- _TASK BRIEF_
Could you please transcribe the data exactly, without the pictures?

- _PROVIDED DATA_

"""

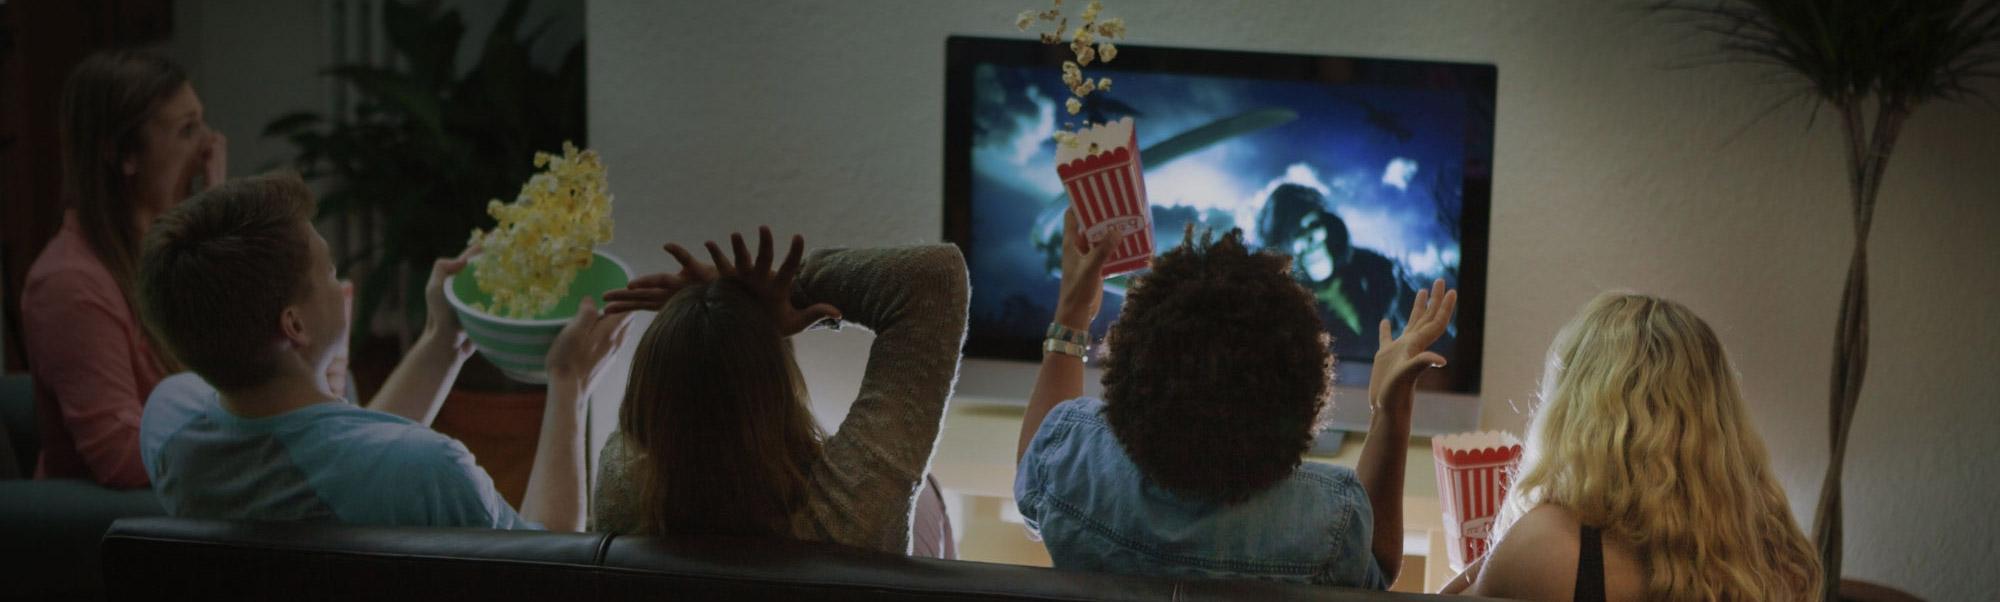 Regardez les derniers films, où que vous soyez
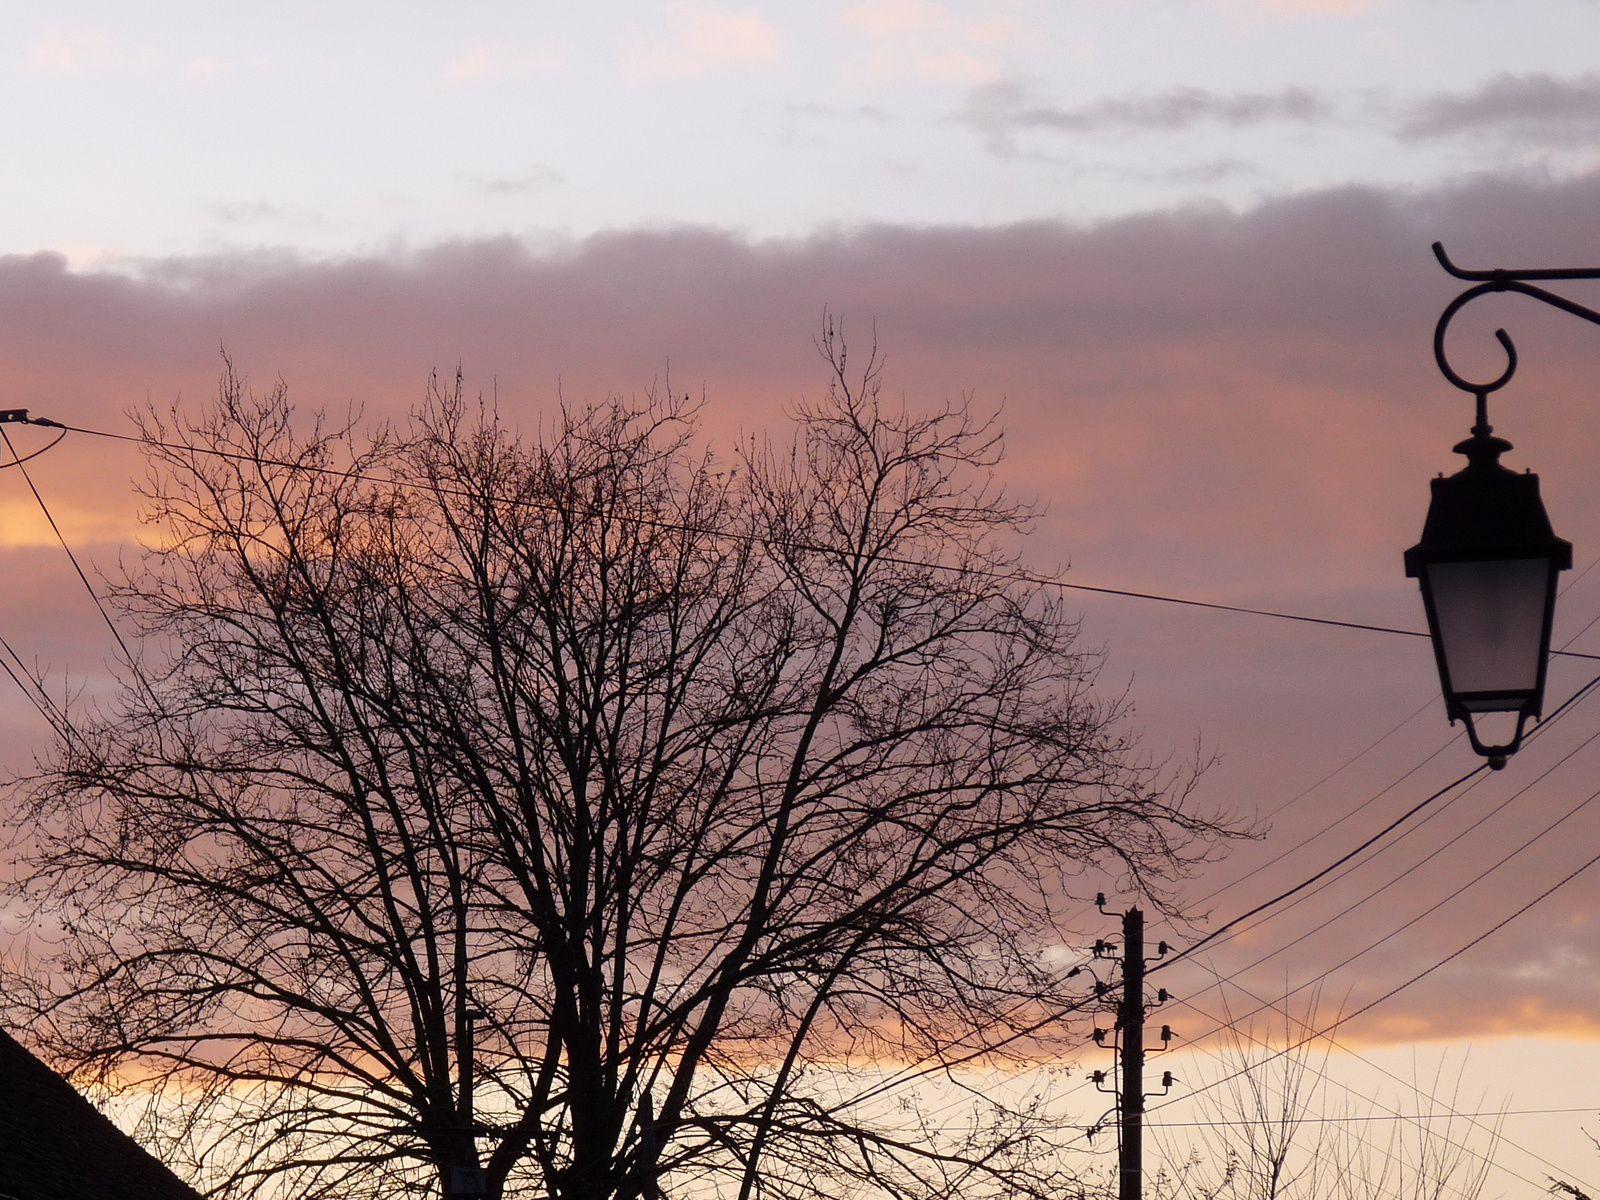 ...L'indécente chatoyance du ciel après la tempête...
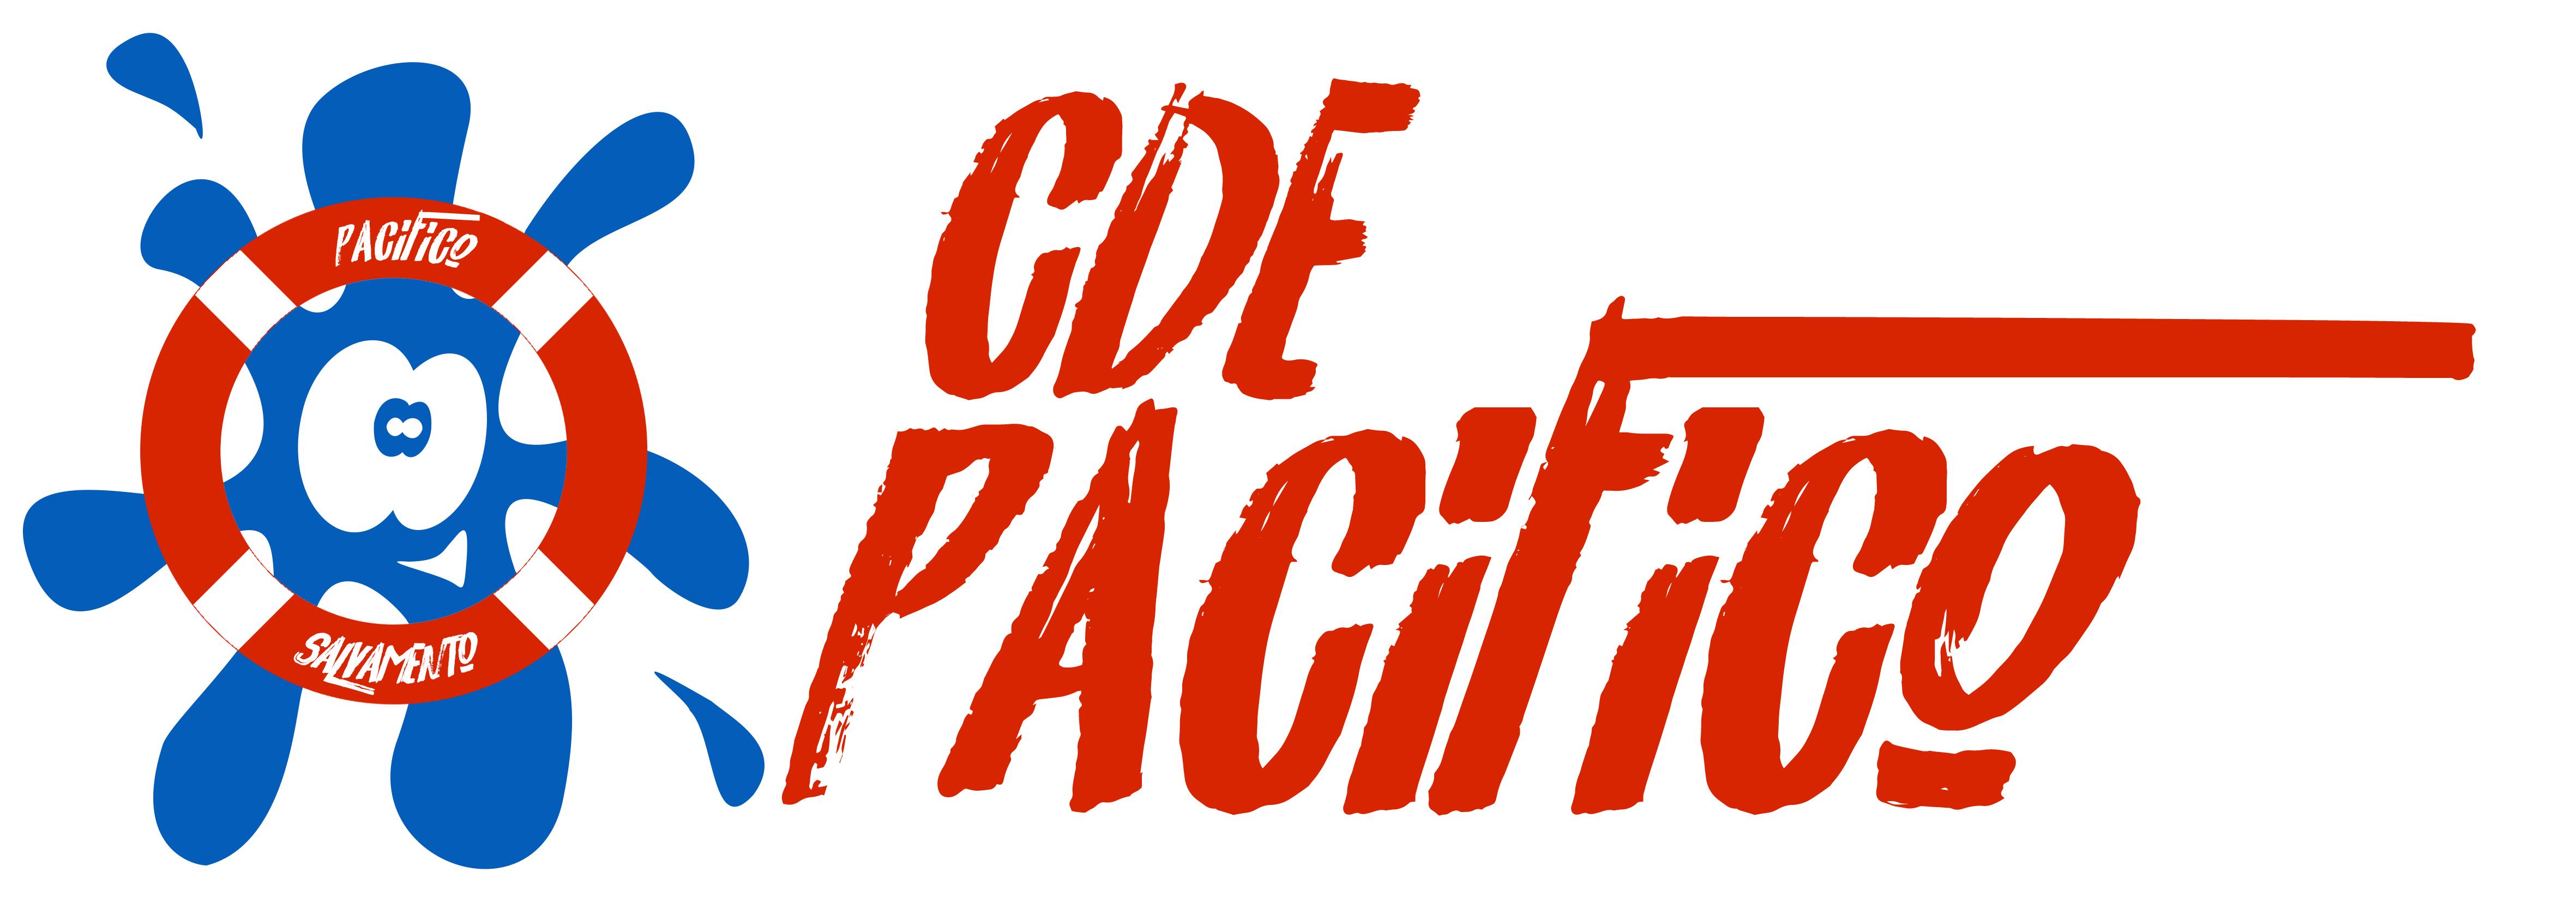 logo CDE Pacífico

"""

- _FINISHED TASK_
 Regardez les derniers films, où que vous soyez
 ...L'indécente chatoyance du ciel après la tempête...
 logo CDE Pacífico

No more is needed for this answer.